Cette «  guerre d’adaptation permanente », c’est aussi une surprise pour les états-majors. S’agissant du numérique, « nous nous sommes fourvoyés », admet en effet un militaire. « C’est peut-être l’un des rares domaines dans lesquels nous pensions qu’il y avait les développements civils d’un côté et les développements militaires de l’autre, et que les deux mondes n’allaient pas forcément cohabiter », poursuit-il.

Alors que l’Ukraine a battu en brèche cette dualité civile-militaire et démontré l’existence d’une réelle porosité entre deux mondes imbriqués, « nous ne nous sommes pas préoccupés du numérique civil », déclarait l’un des militaires autour de la table. Or, cette guerre est menée aussi selon un tempo imprimé par le numérique civil. Ce terreau était déjà visible au Sahel, face à des adversaires n’ayant que très peu accès aux technologies de niveau militaire et recourant aux technologies civiles pour communiquer et mener des attaques informationnelles.

Un premier socle existe déjà dans l’armée de Terre. Ce sont les radios CONTACT et le système d’information du combat SCORPION (SICS). SCORPION « est une vraie rupture. Nous avons pensé avant beaucoup d’autres à l’importance de l’infovalorisation ». Cette « intuition géniale », c’est « la webisation de la boucle OODA [observer, orienter, décider et agir] et de tous ses capteurs et effecteurs ». Seul hic : le système est pour l’instant centré sur les armes de mêlée et son nombre de terminaux limité.
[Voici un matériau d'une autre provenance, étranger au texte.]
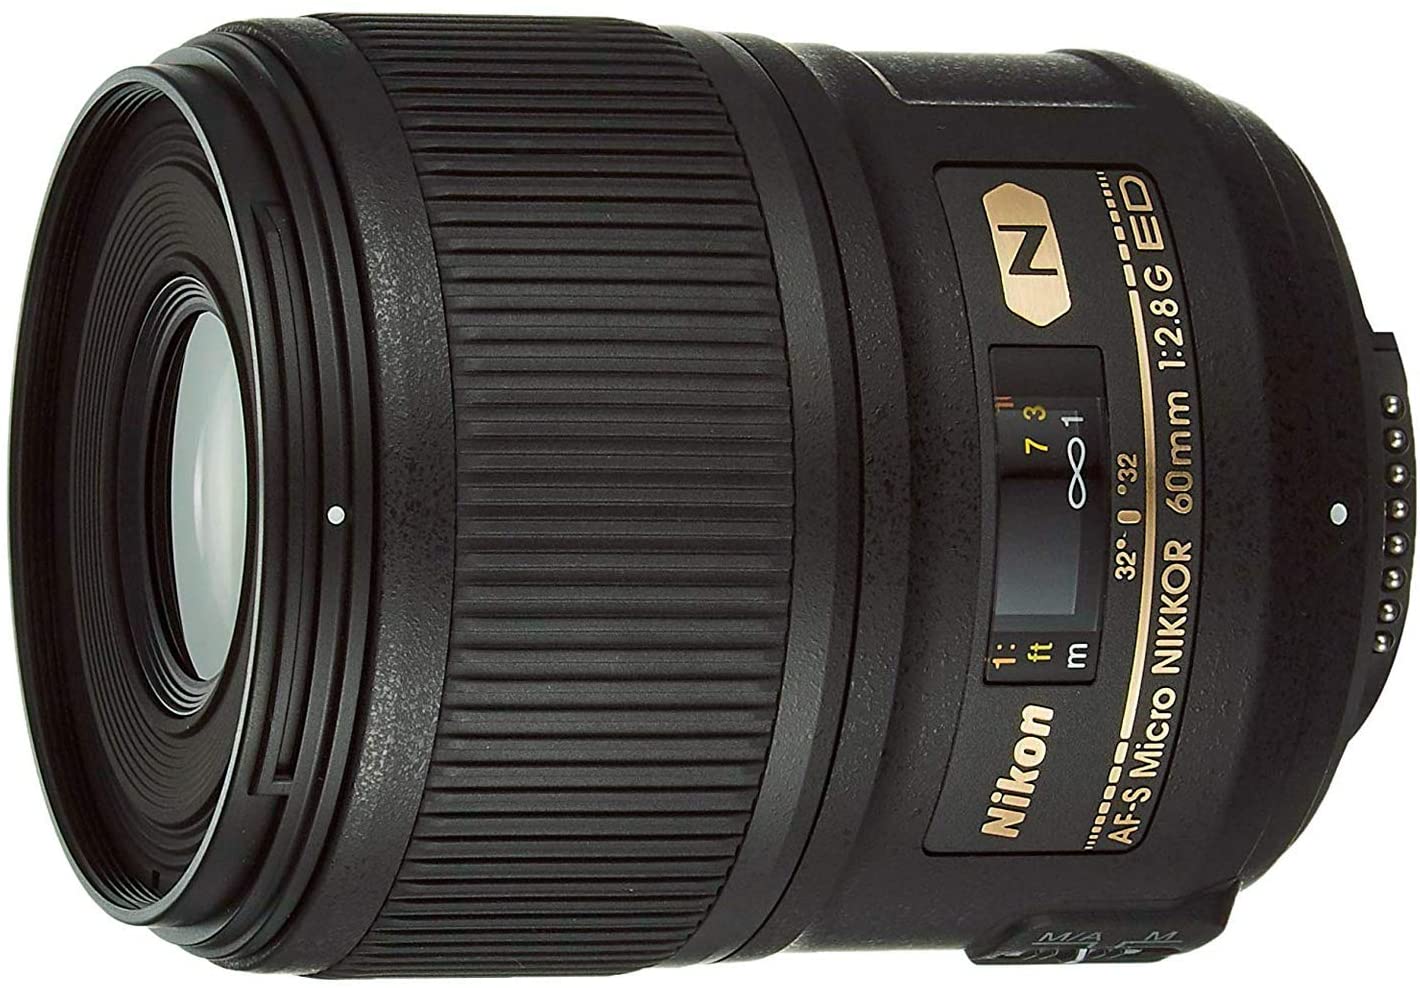 Nikon single focus micro lens AF-S Micro 60mm f / 2.8G ED full

Il devient urgent de l’étendre à l’artillerie, aux hélicoptères, aux drones, à la défense sol-air. « Et derrière, avoir de la connectivité, de l’intelligence artificielle et plus de capteurs ».

SCORPION est un début de réponse, mais il convient de dépasser le seul champ militaire. « Si on ne passe que par des satellites militaires et autres systèmes militarisés, nous n’irons pas très loin. Nous serons très vite repérés et ne pourrons transmettre de la donnée de manière optimisée ». Hors de question de ne reposer que sur « deux satellites Syracuse dont vous savez que la bande passante va être saturée, qu’elle est insuffisante pour faire passer de la vidéo, de la donnée. C’est cela la réalité. Il faut donc disposer très vite de boucles LTE, de boucles 5G. Il faut que sur nos terminaux, qu’ils soient durcis ou non, nous puissions changer une application en deux jours ».

Côté français, « je pense qu’on y est pas », pointe un militaire. Il y a urgence à engager une réflexion sur cette hybridité numérique, « avec une exigence forte pour nos industriels, qui est de nous offrir les moyens qui permettront cette hybridité ». La filière défense, par ailleurs, « a encore un petit peu de chemin à faire pour être agile », estiment les militaires. Ceux-ci pointe une difficulté typiquement française : une séparation privé-public par laquelle on tend à attendre l’initiative venant d’en haut quand l’Ukraine a démontré l’importance de l’innovation par le bas. Pour atteindre la porosité voulue, deux mondes conceptuellement hermétiques vont devoir « casser des barrières procédurales et intellectuelles » pour gagner en rapidité.

Au-delà, l’urgence n’est pas tant de se ruer pour développer des applications a priori obsolètes dans six mois, mais a minima de sensibiliser, de rapprocher les deux mondes autour d’un enjeu commun, de travailler sur des passerelles techniques, de réfléchir aux terminaux et aux bascules d’un réseau à l’autre, et d’expérimenter le tout.

Cette centralité des populations trouve d’ailleurs tout son sens dans le lien armée-nation et l’idée de résilience nationale, deux points majeurs de la Revue nationale stratégique de 2022 et de la future loi de programmation militaire. La France dispose de quelques leviers humains à activer, dont celui de la réserve citoyenne. Récupérer le principe bien connu du hackathon pour générer un « applicathon » aurait pour intérêt d’attirer les profils, de tester la robustesse de la filière, de rapprocher les acteurs. Des cadres dans lesquels l’uniforme passerait après l’expertise technique, les rudiments du combat après la capacité à créer, modifier, sécuriser dans l’urgence des applications et autres « armes numériques » au profit de tous.